AI redefines that journey. It answers the next question before your customer asks it. And in doing so, it changes how discovery happens and how marketers measure success.
What matters now is whether your brand shows up with clarity and trust at the moment of intent, regardless of platform. That moment of intent might happen in a conversational answer, a mobile AI-organized search experience, or a voice prompt in your car, and your brand needs to show up clearly across all of them.
It's time for a new playbook. One built not for keyword ranking, but for data readiness and visibility across every channel.
That means:
Structuring your brand information — every fact, location, product, service, and review so machines can read and reuse it accurately
Increasing consistency across all discovery surfaces, from Google to ChatGPT to TikTok
Evaluating visibility, not just rankings — including where your brand is cited by others, not just where it's publishing content
Writing content in smaller, standalone chunks — passages that clearly answer a question on their own.
Remember this: Structured data helps machines read your brand.
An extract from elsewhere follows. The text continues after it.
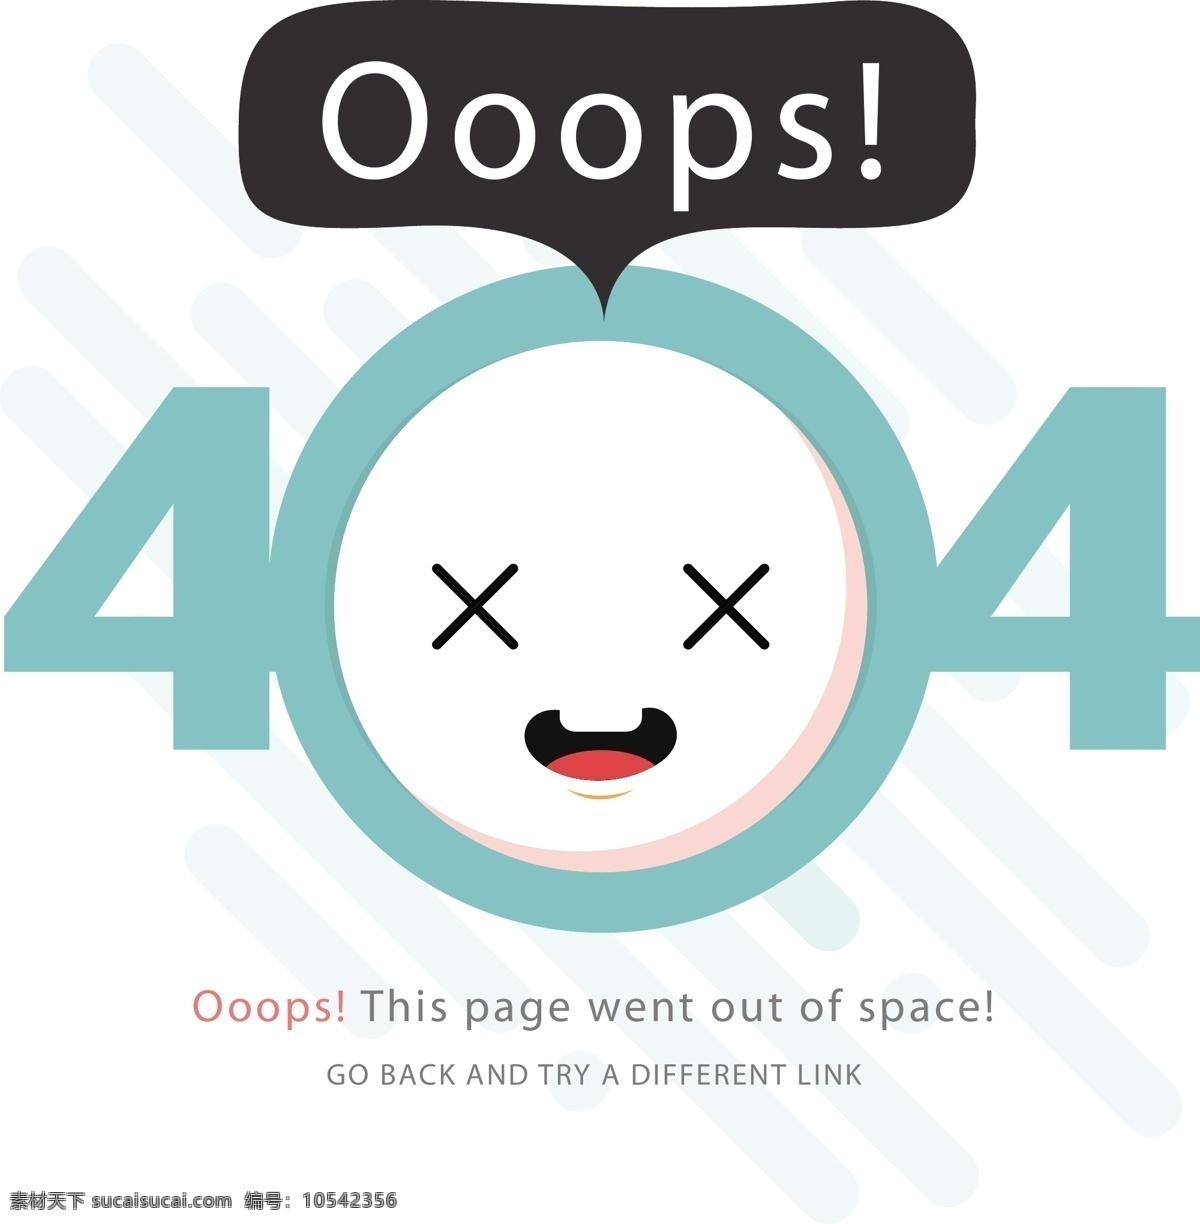 错误 页 表情 艺术 字 网页 错误页 404表情 app 报 错 界面 合集 缺失页 浏览器 线性图标 404sorry 空 状态 返回 可爱404 卡通 标签

Citations help them trust it. You need both structured data and citations.
This is the moment Yext was built for
At Yext, we've spent over a decade helping brands organize and activate their digital knowledge. We built the Knowledge Graph to make brand data structured, connected, and AI-ready. We launched Scout to show where that data is actually appearing across classic results and emerging AI interfaces.
These weren't bets. They were preparations.
With Scout, brands can now monitor not just structured data exposure, but also where they're being cited in AI outputs, news mentions, and reviews that influence visibility in AI conversations.
We knew the old playbook wouldn't last. We knew discovery would shift from clicks to clarity, from rankings to responses, from search engines to answer engines.
And now, that future is here. Search isn't dead. But it has evolved.
Marketers don't need to panic. But they do need to adapt. Discovery still matters. Content still matters. Your website still matters.
What's changed is the frame.
It's not about being the top result. It's about being the trusted answer.
The brands that recognize that and act accordingly will be the ones customers keep finding, trusting, and choosing.